In my previous blog posts (Part I,  Part II,  and Part III) about the ‘Open Business Data Lake Conceptual Framework (O-BDL) I introduced its background, concept, characteristics and platform capabilities. In Part IV) I compared a Data Lake with other data processing platforms. In this fifth part I’ll discuss the key concepts of an O-BDL and describes how it should work.
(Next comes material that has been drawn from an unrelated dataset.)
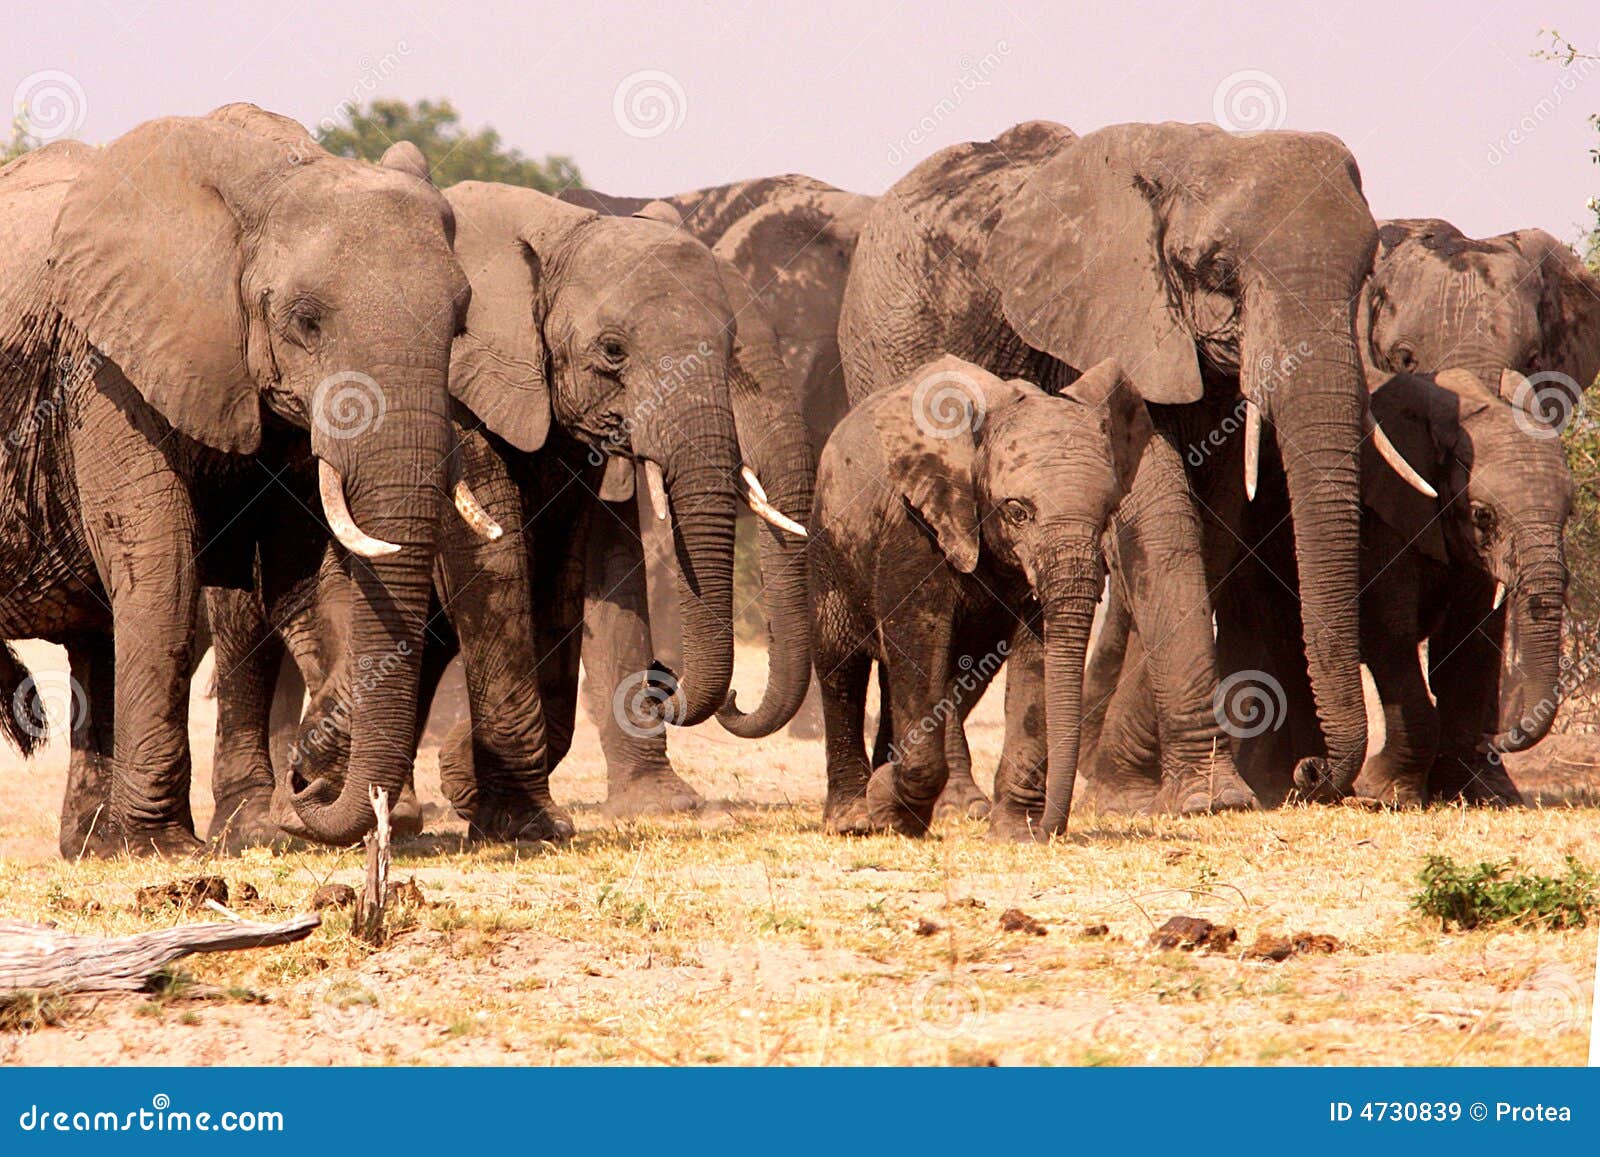 herd of elephants.

To understand how an O-BDL should work, the following process diagram (applying The ArchiMate® Enterprise Architecture Modeling Language) is used.

An O-BDL ingests data (batch, micro-batch  as well as real-time) from other applications (through feeds) and data sources (through ingestion). Most data items (structured and semi- and unstructured) go straight into the main distributed – thus scalable – data store preserving the original structure. Some data items, however, are processed on arrival since the resulting insight is needed immediately. Data stored in an O-BDL is called data-at-rest and data that is processed without storing is called data-in-motion.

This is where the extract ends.